« Wir brauchen einen Schock »
Der Schweizer Bundesrat warnt vor einer Strom- und Gasmangellage diesen Winter. Wie realistisch schätzen Sie dieses Szenario ein?
Tobias Schmidt: Das hängt vor allem von Faktoren ab, die wir in der Schweiz nicht beeinflussen können. Wir können das Schweizer Energiesystem nicht abgekoppelt vom europäischen Stromsystem betrachten. Die grösste Gefahr ist, dass Russland seine Gaslieferungen massiv zurückfährt. Ein harter Winter erhöht das Risiko einer Mangellage in Ländern wie Deutschland, die sehr viel Gas zum Heizen brauchen.
Annalisa Manera: Das grösste unmittelbare Risiko ist ein Blackout bei der Stromversorgung – nicht nur in diesem Winter, sondern auch längerfristig. Wir haben das Beispiel von Texas gesehen, wo ein Wintersturm 2021 die Energieversorgung zum Erliegen brachte. Die Probleme der Energiebeschaffung werden sich verschärfen, da wir den Verkehr, Heizungen und Teile der Industrie elektrifizieren wollen. Unser Strombedarf wird steigen.
Tobias Schmidt: Eine Situation wie in Texas erwarte ich nicht in Europa. Das texanische Netz ist abgekoppelt vom Rest des Landes und daher anfälliger für Störungen. In Europa haben wir ein kontinentales Stromnetz, sodass man Ausfälle von Kraftwerken viel besser kompensieren kann.
Massimo Filippini, wie schätzen Sie die Lage ein?
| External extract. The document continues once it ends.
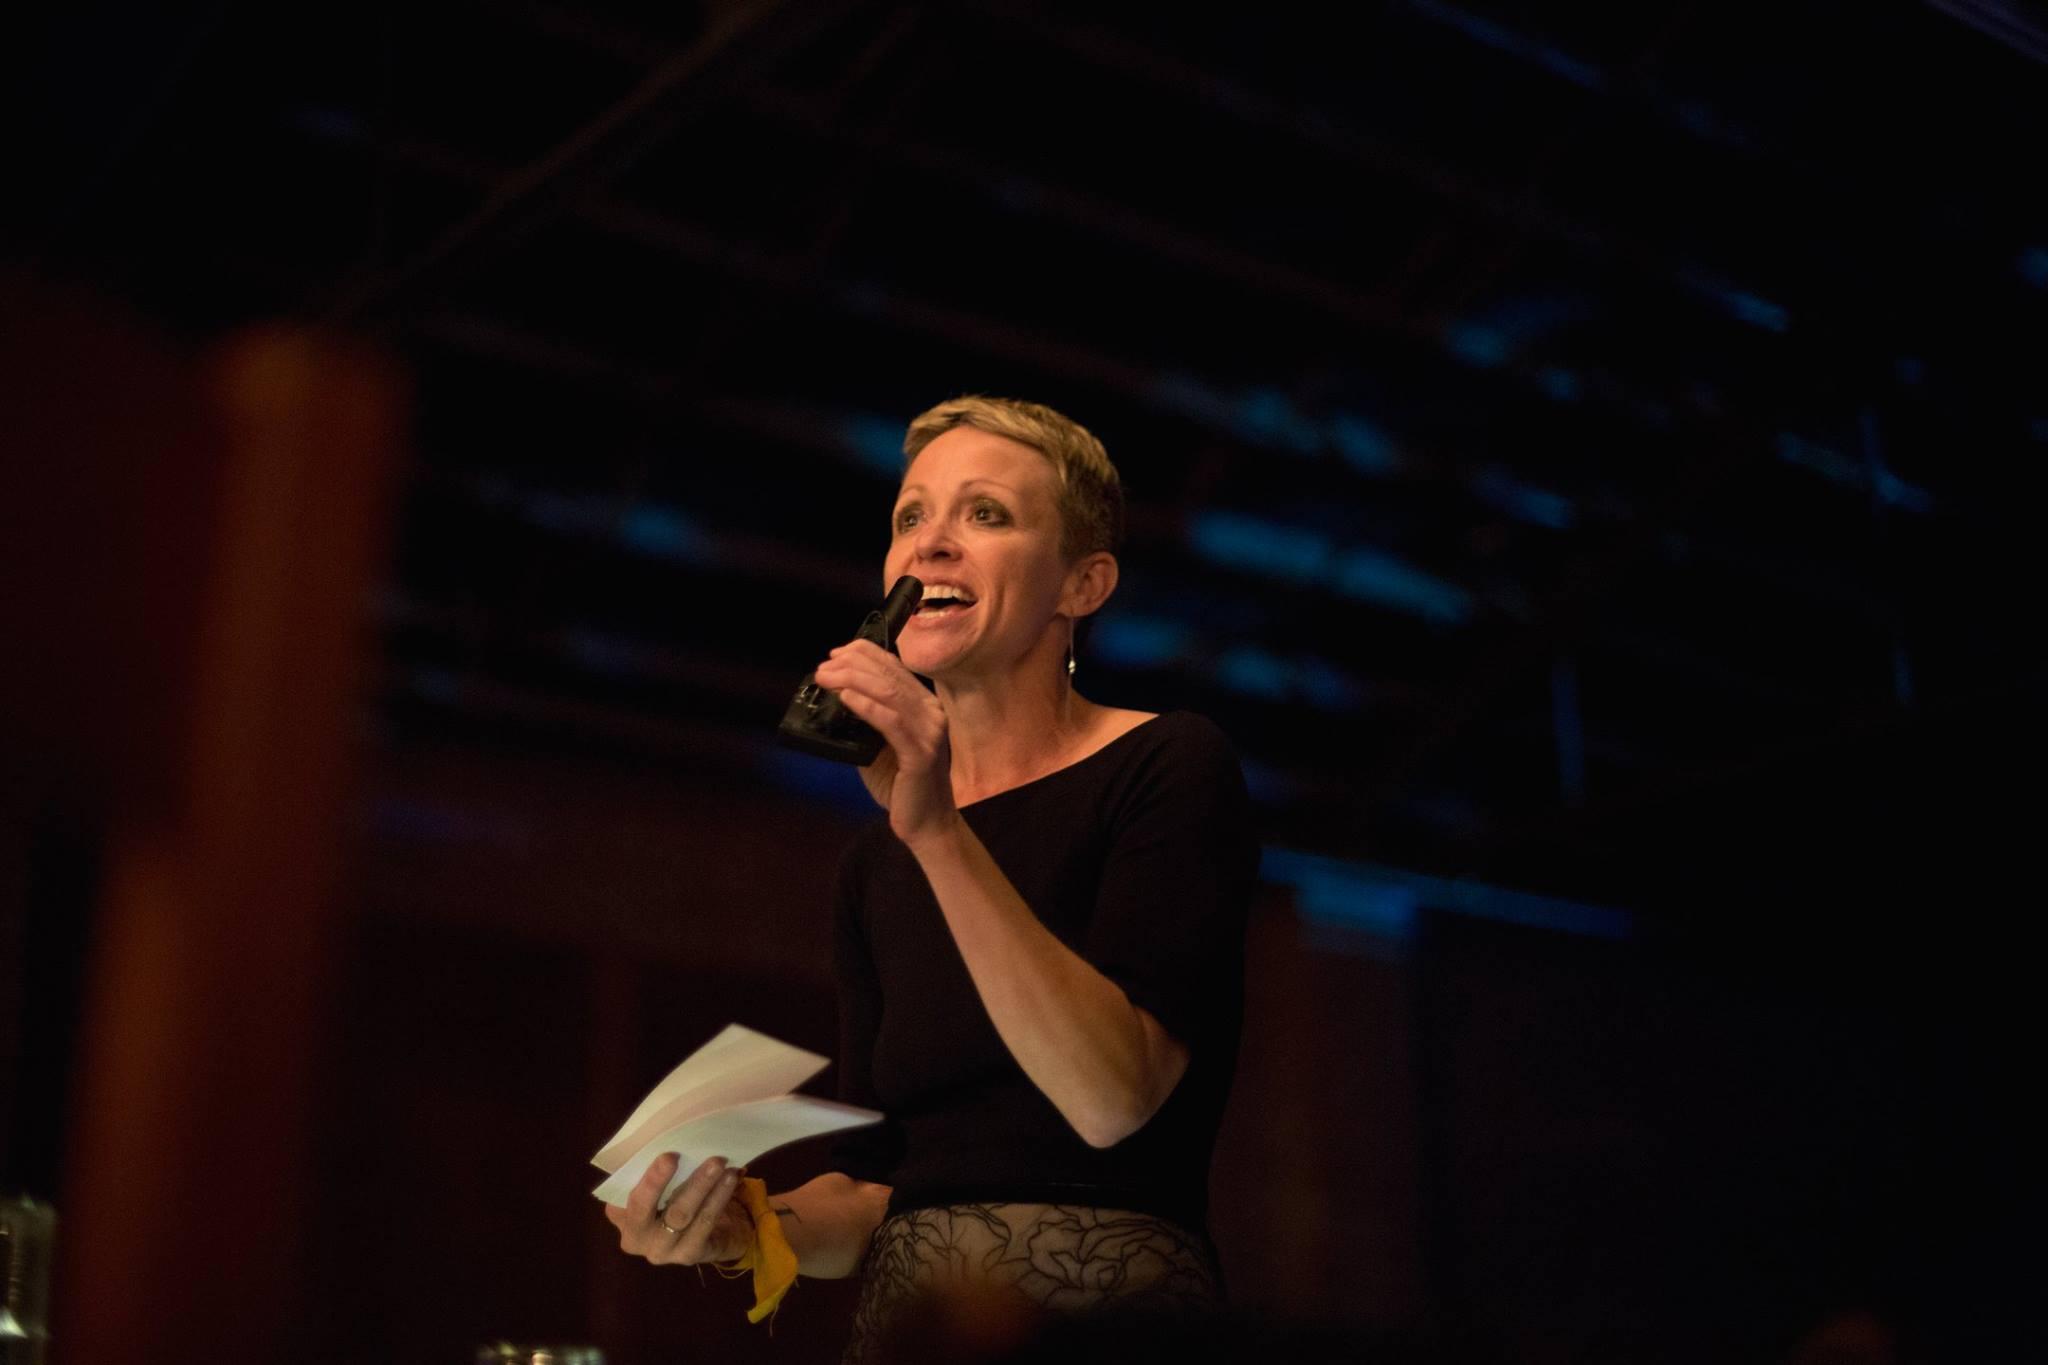 Angie LaPaglia spoken word 3.jpg

Massimo Filippini: Die Wahrscheinlichkeit, dass wir diesen Winter im Strommarkt ein Problem bekommen, ist gering. Vieles hängt davon ab, wie viel Niederschlag im Herbst fallen wird, und wie viel Gas wir aus Russland importieren können, weil das für die Stromerzeugung im Ausland wichtig ist. Das Problem liegt vor allem beim Gasmarkt. Können wir in Europa weniger russisches Gas importieren, werden die Preise stark anziehen. Deutschland wird dann eine entscheidende Rolle spielen: Nutzt Deutschland das Gas nur für sich oder liefert es weiterhin wie vereinbart an seine Nachbarn?
Was wären die Konsequenzen?
Massimo Filippini: Der kommende Winter wird ein Testfall für Europa: Gas kann entweder als gemeinsame Ressource betrachtet werden, oder jeder Staat schaut nur für sich selber. Im letzteren Fall stehen am Ende alle schlechter da.
Was bedeutet das für die Schweiz als Nicht-EU-Mitglied?
Tobias Schmidt: Die Schweiz kann Verträge mit Nachbarländern abschliessen, in denen man sich gegenseitigen Beistand in einer Mangellage zusichert. Diese Abkommen sind ungeachtet der politischen Diskussion um das Rahmenabkommen möglich. Was es eigentlich bräuchte, ist ein Stromabkommen mit der EU. Dieses liegt aber seit dem Abbruch der Verhandlungen zum Rahmenabkommen auf Eis.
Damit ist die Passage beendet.